*REQUIRED ACTION*
From the data that follows, set down exactly the lines from the one with "Titanium 2 x" through the one with "Yeniden Refah Partisi", counting both. Pictures stay out.

(DATA FOR ANALYSIS begins)

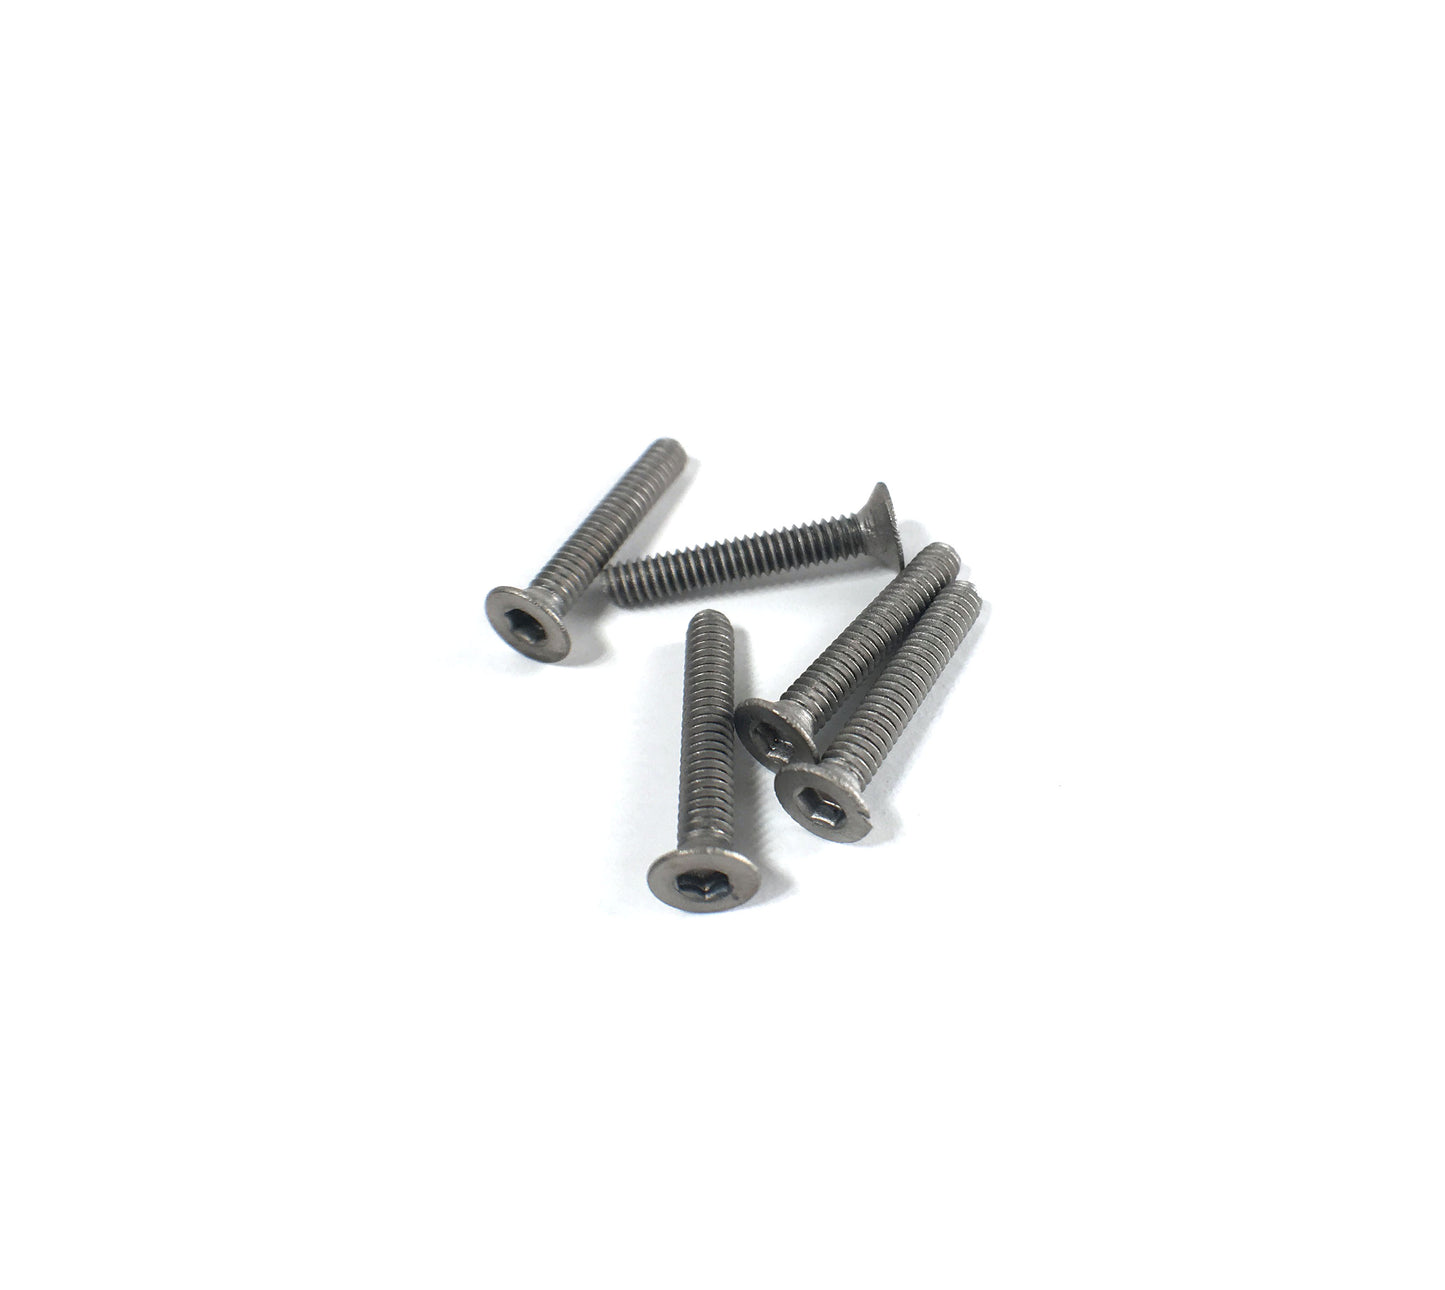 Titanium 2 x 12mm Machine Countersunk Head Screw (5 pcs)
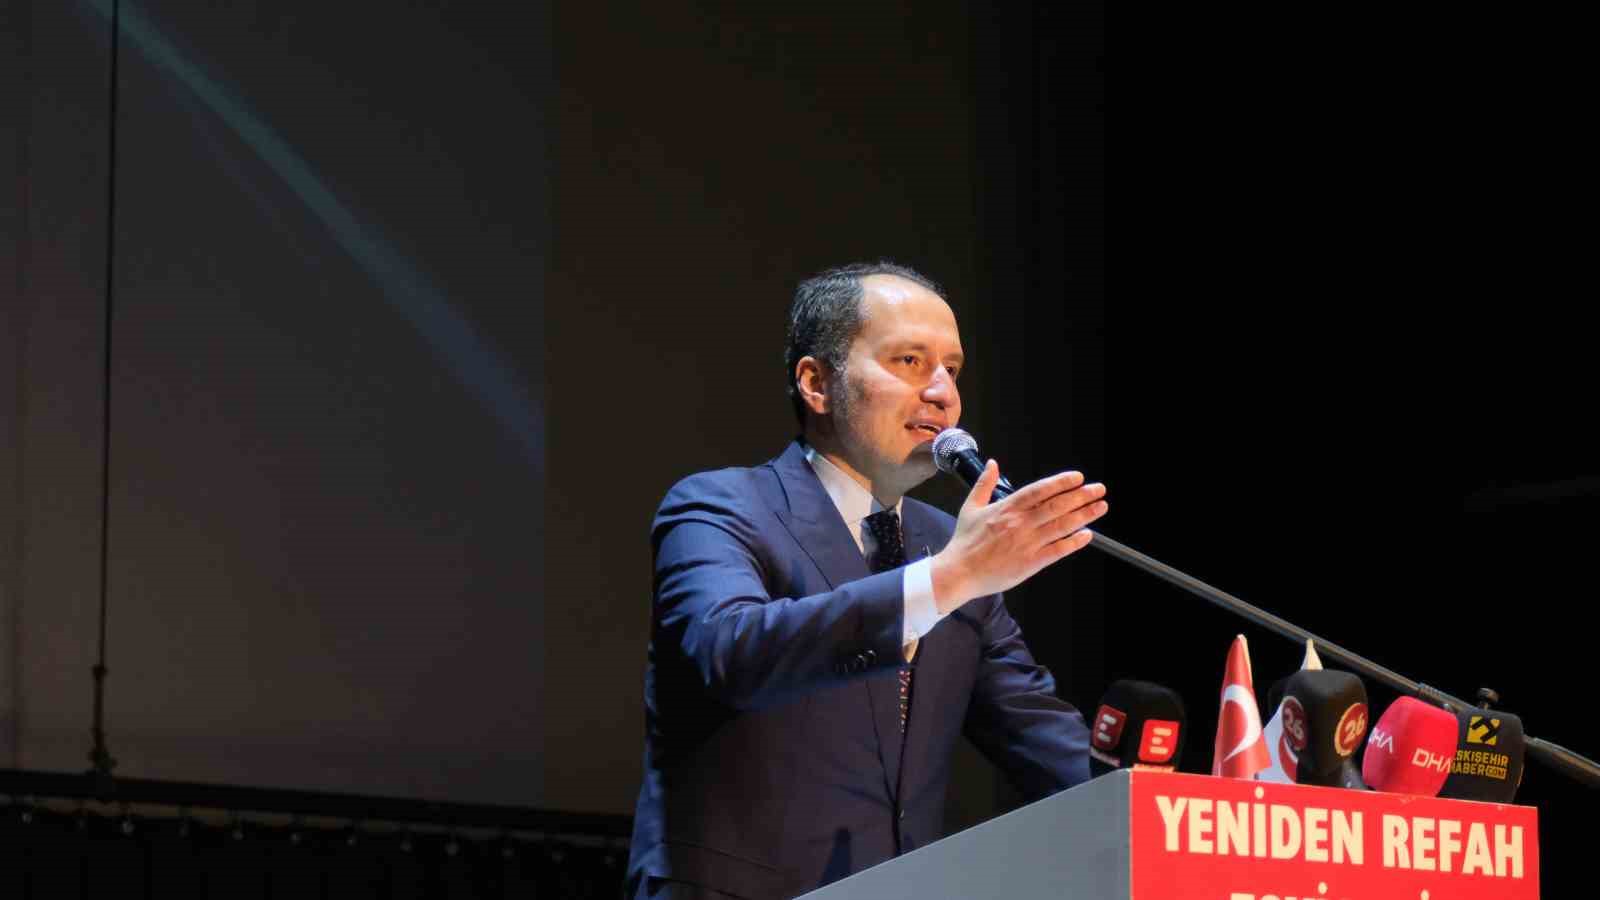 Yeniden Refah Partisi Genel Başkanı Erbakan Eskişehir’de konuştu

(DATA FOR ANALYSIS ends)
(DATA FOR ANALYSIS begins)

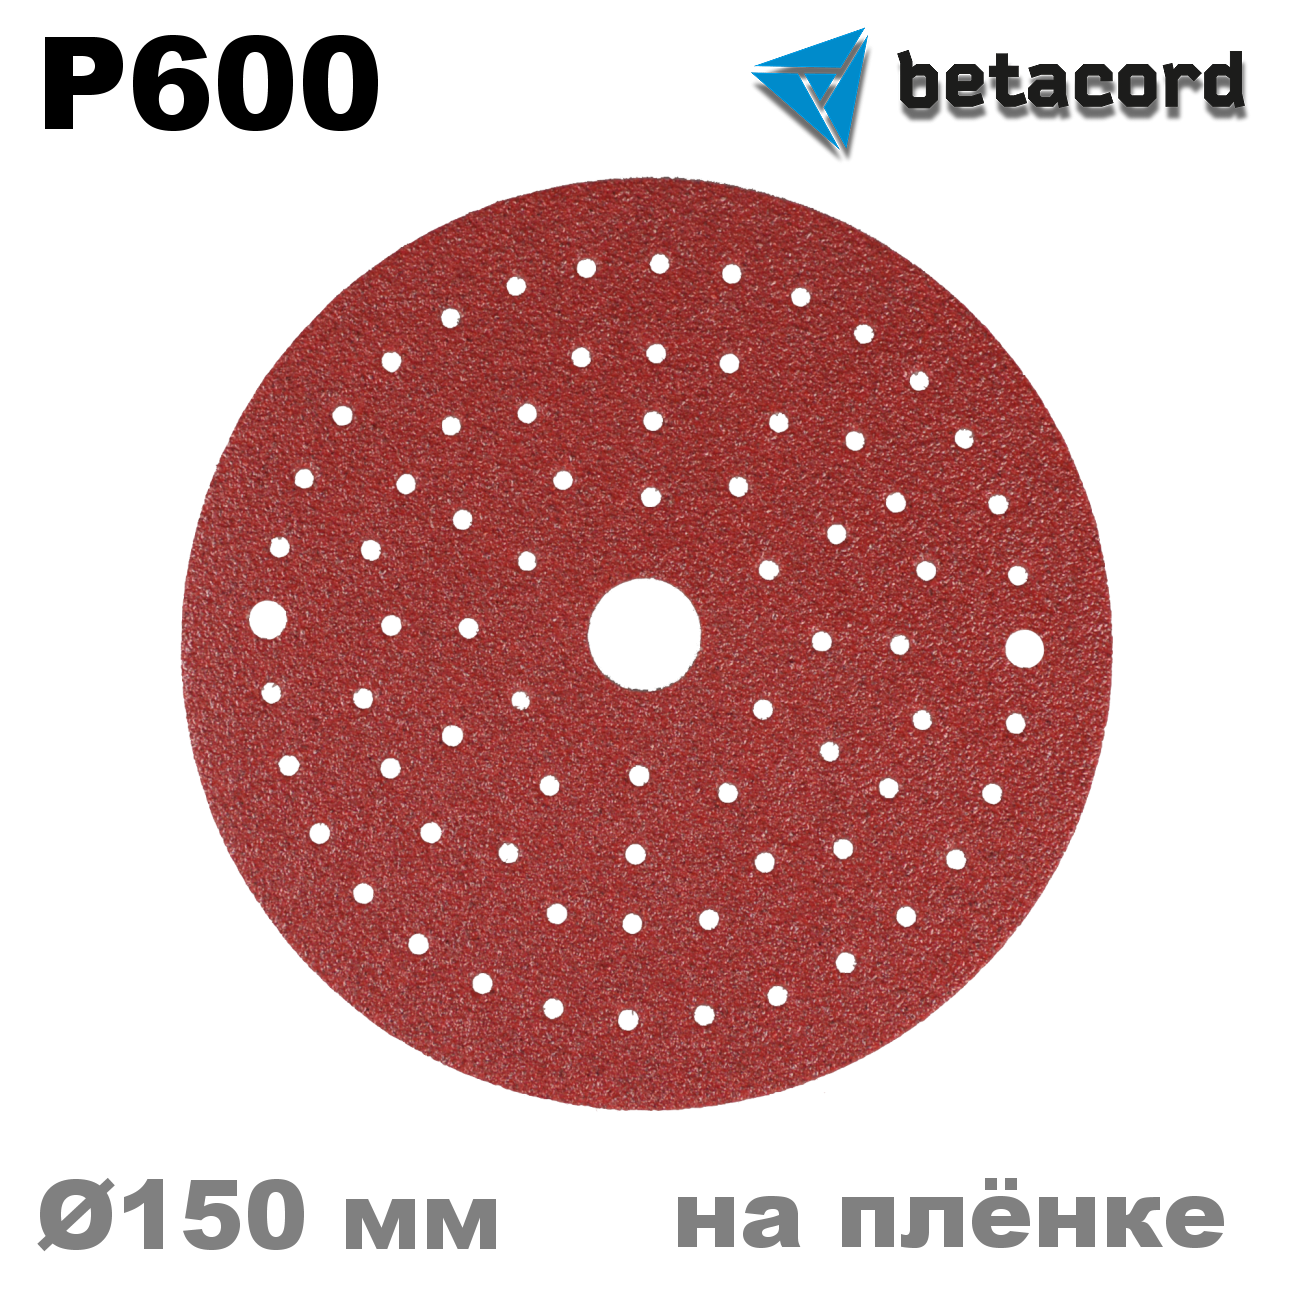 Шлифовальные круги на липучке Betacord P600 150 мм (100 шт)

(DATA FOR ANALYSIS ends)

*ANSWER BOX*
 Titanium 2 x 12mm Machine Countersunk Head Screw (5 pcs)
 Yeniden Refah Partisi Genel Başkanı Erbakan Eskişehir’de konuştu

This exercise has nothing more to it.